患者さんの口の中をきれいに保ち、だ液の分泌を活発にして、常に口の中が清潔で気持ちのよい状態にケアを施すことも、訪問歯科治療の役割の一つといえます。

介護保険が適応される訪問歯科を利用しましょう

訪問歯科診療は患者さんの口の中の状態や処置内容、居宅系施設の入所者の数などにより差が発生するため、詳しい金額については患者さんごとに細かく異なります。
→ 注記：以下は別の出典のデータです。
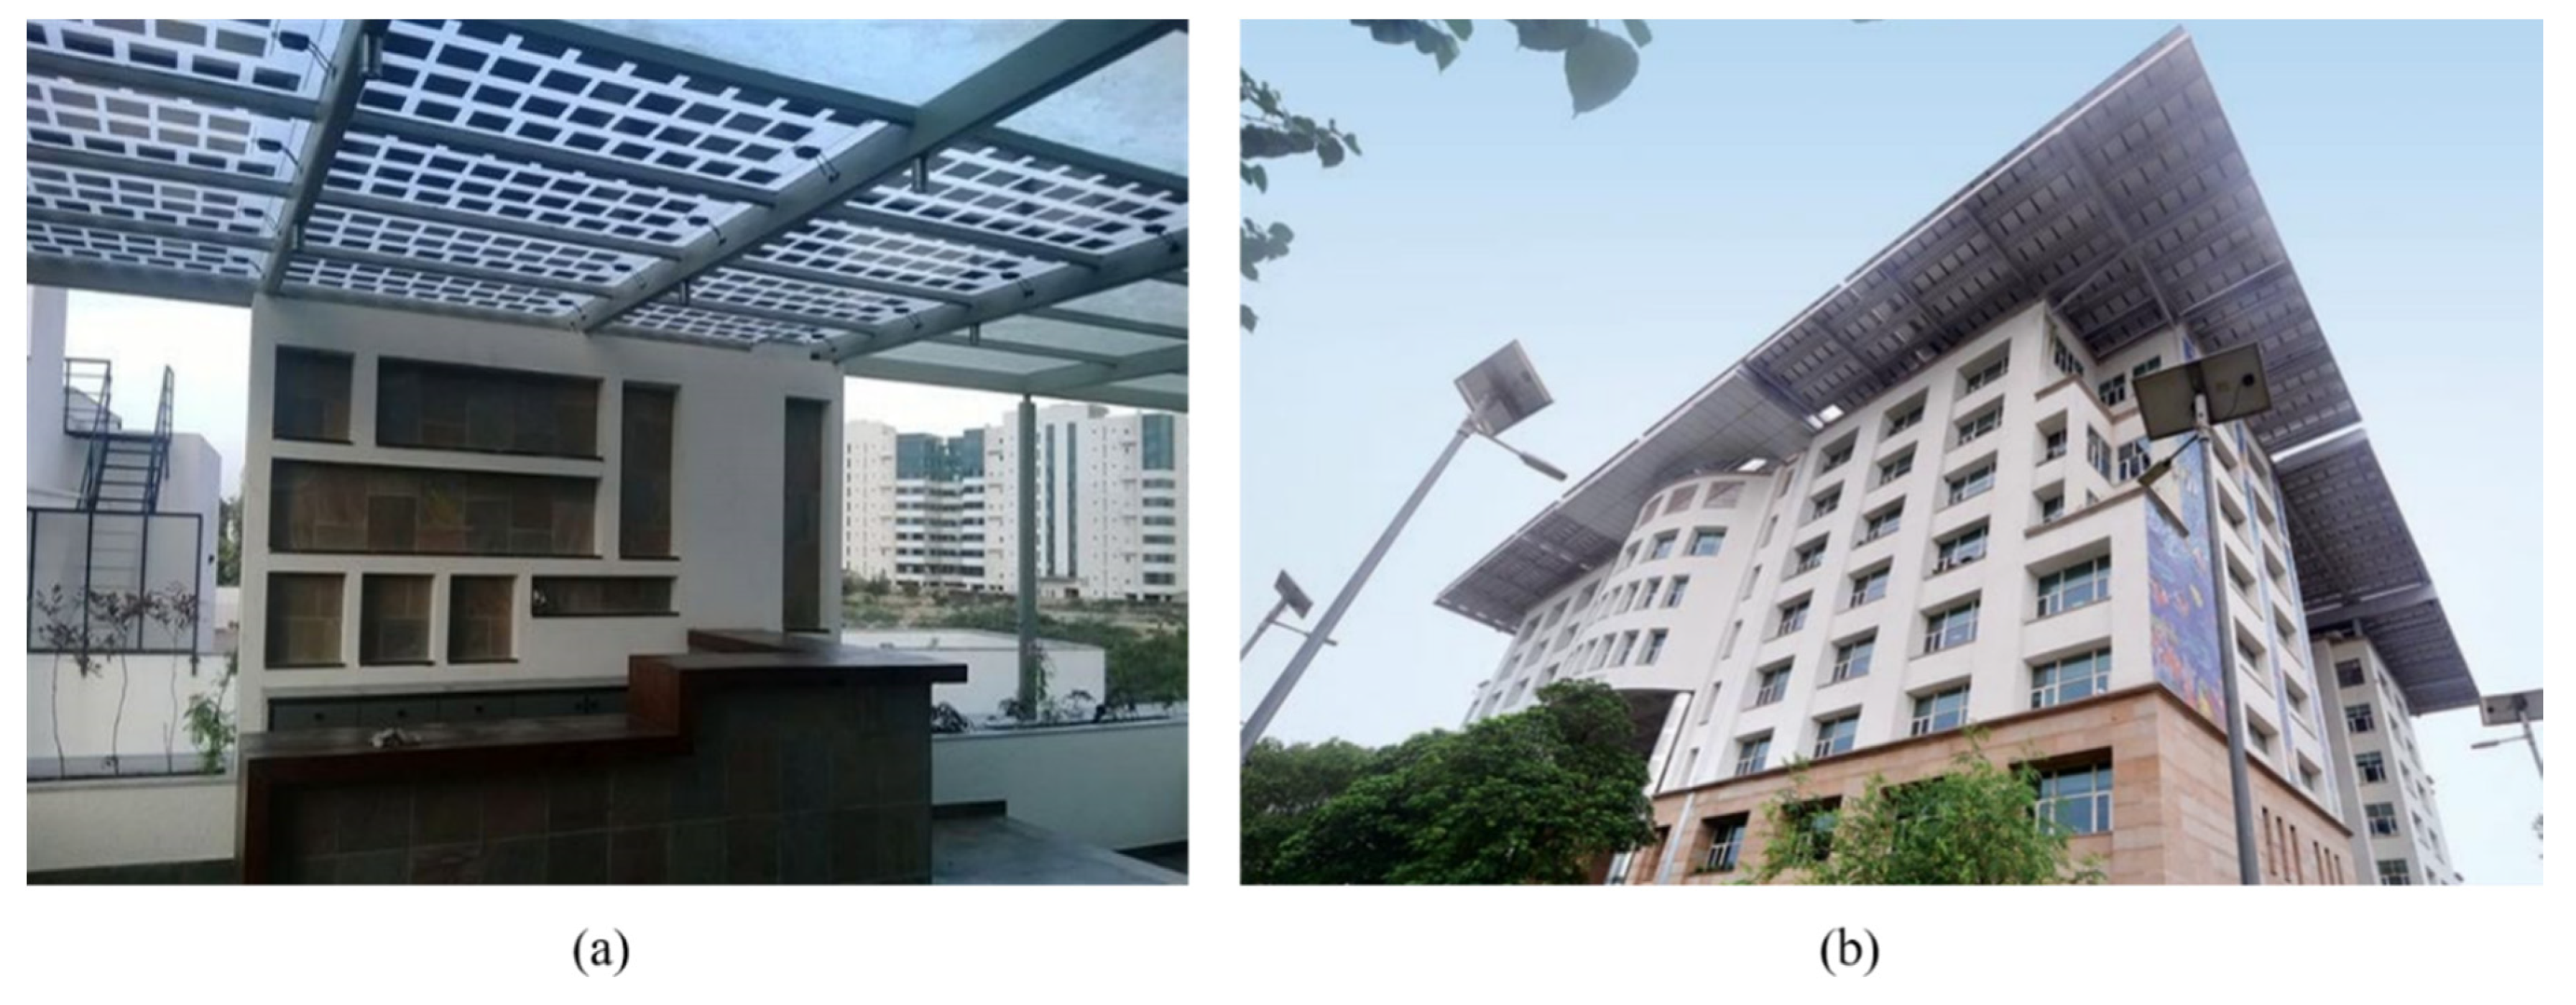 Applied Sciences Free Full Text Status Of Bipv And Bapv System For Less Energy Hungry Building In India A Review Html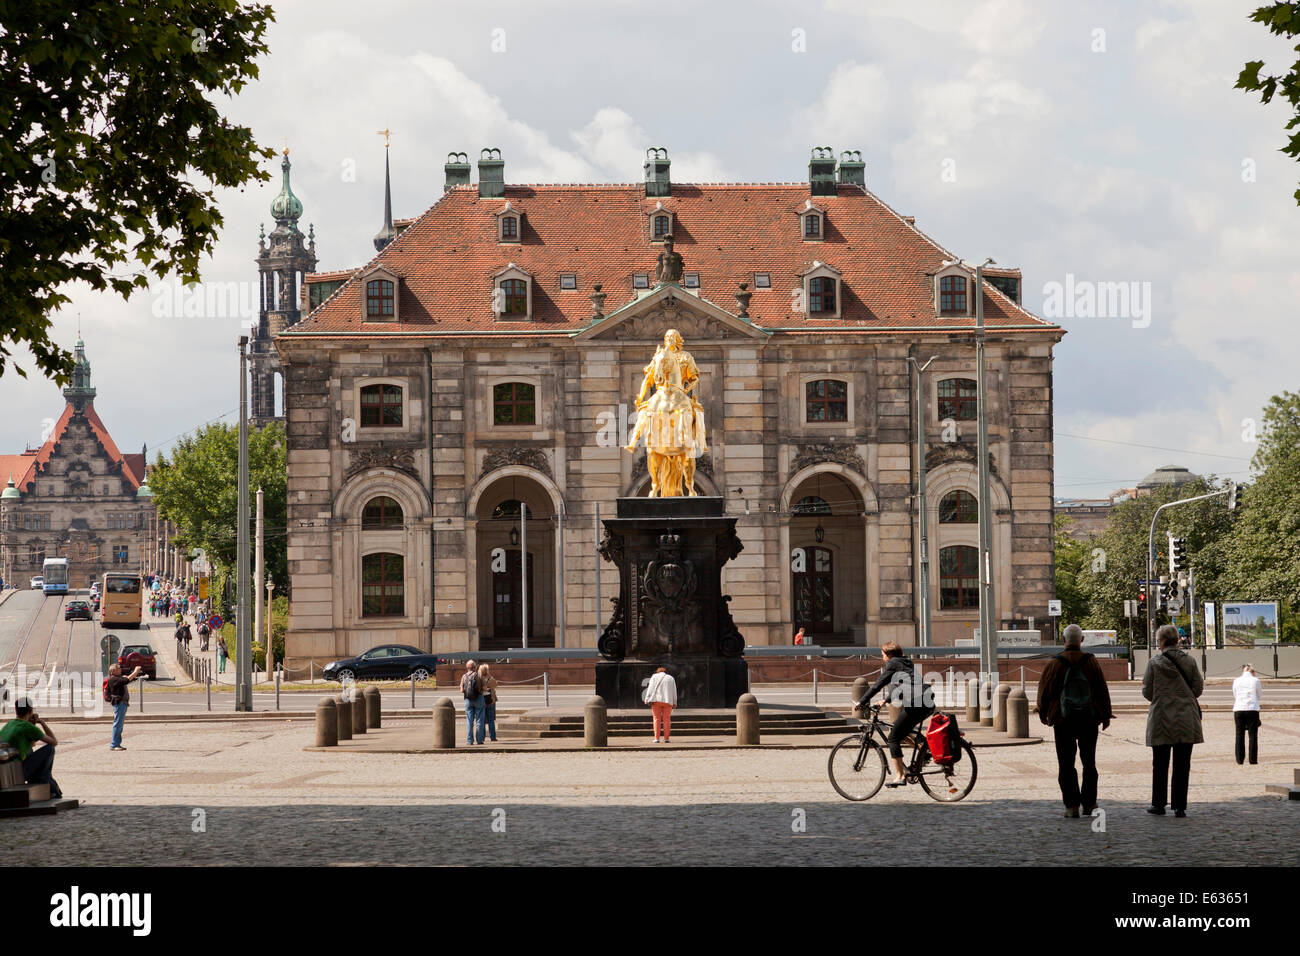 The Goldener Reiter or Golden Rider, a gilded equestrian statue of Augustus the strong, Neustädter Markt in Dresden, Saxony, Stock Photo

しかし介護保険が適用となれば1割負担に抑えられるので、患者さんご自身やそのご家族の負担は軽くなります。

介護保険による訪問診療は医師の場合で月に2回まで、歯科衛生士の場合は月に4回利用が可能となり、1回あたりの金額も比較的低料金で抑えることができます。

タクシーや自家用車などを使う通院治療に比べて費用がかからないことや、介護保険内に収められるといったメリットが期待できるため、介護保険の適用が可能な訪問歯科診療サービスがおすすめです。

ただし介護保険の適用には、患者さんが要介護もしくは要支援認定を受けており、自宅や居宅系施設に入居していることが条件となります。

また、介護保険を利用するにあたり、利用者から同意が得られていること、居宅療養管理指導を適切に受けていることなども必須の条件となりますので、事前に介護保険の利用条件を満たしておかなければなりません。